=== MATERIAL FOR THIS EXERCISE ===
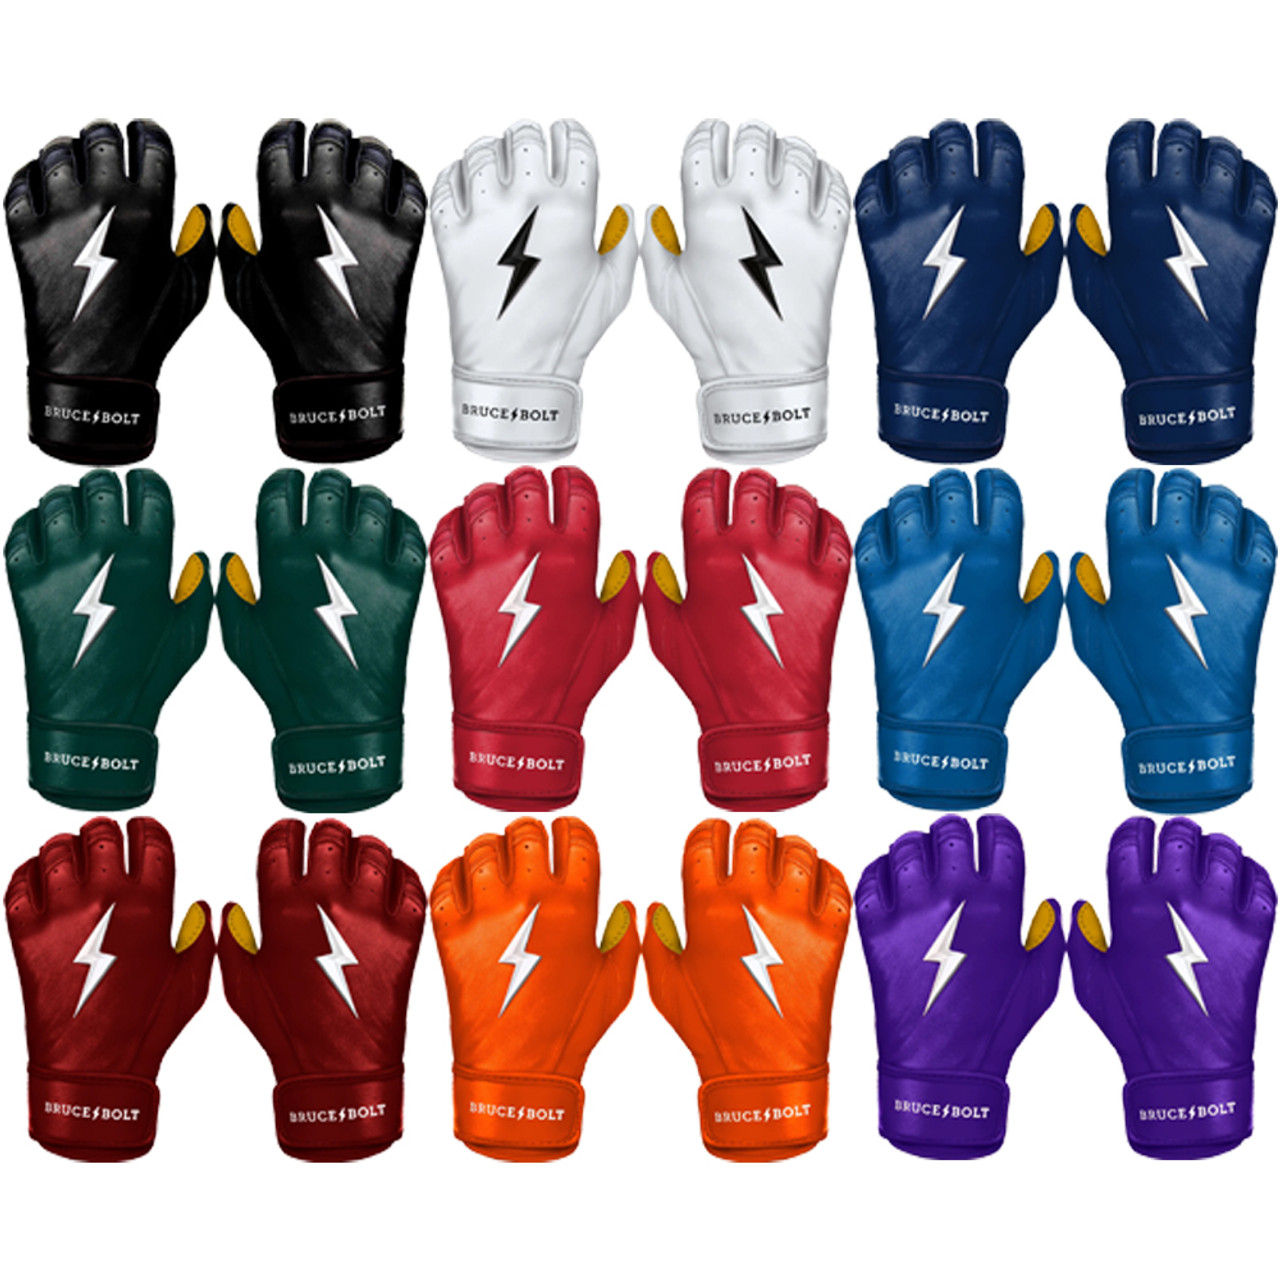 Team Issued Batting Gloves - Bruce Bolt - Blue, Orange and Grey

==

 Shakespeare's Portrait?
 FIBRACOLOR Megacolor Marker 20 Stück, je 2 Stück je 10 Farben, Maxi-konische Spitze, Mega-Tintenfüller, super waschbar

* * *

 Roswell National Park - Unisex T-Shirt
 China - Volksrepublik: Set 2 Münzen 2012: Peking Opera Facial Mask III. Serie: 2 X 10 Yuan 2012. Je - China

=== EXERCISE ===
What you return must be the lines above that run from the line with "Shakespeare's Portrait?" to the line with "FIBRACOLOR Megacolor Marker", inclusive, each copied exactly.

=== PROBLEM SOLUTION ===
 Shakespeare's Portrait?
 FIBRACOLOR Megacolor Marker 20 Stück, je 2 Stück je 10 Farben, Maxi-konische Spitze, Mega-Tintenfüller, super waschbar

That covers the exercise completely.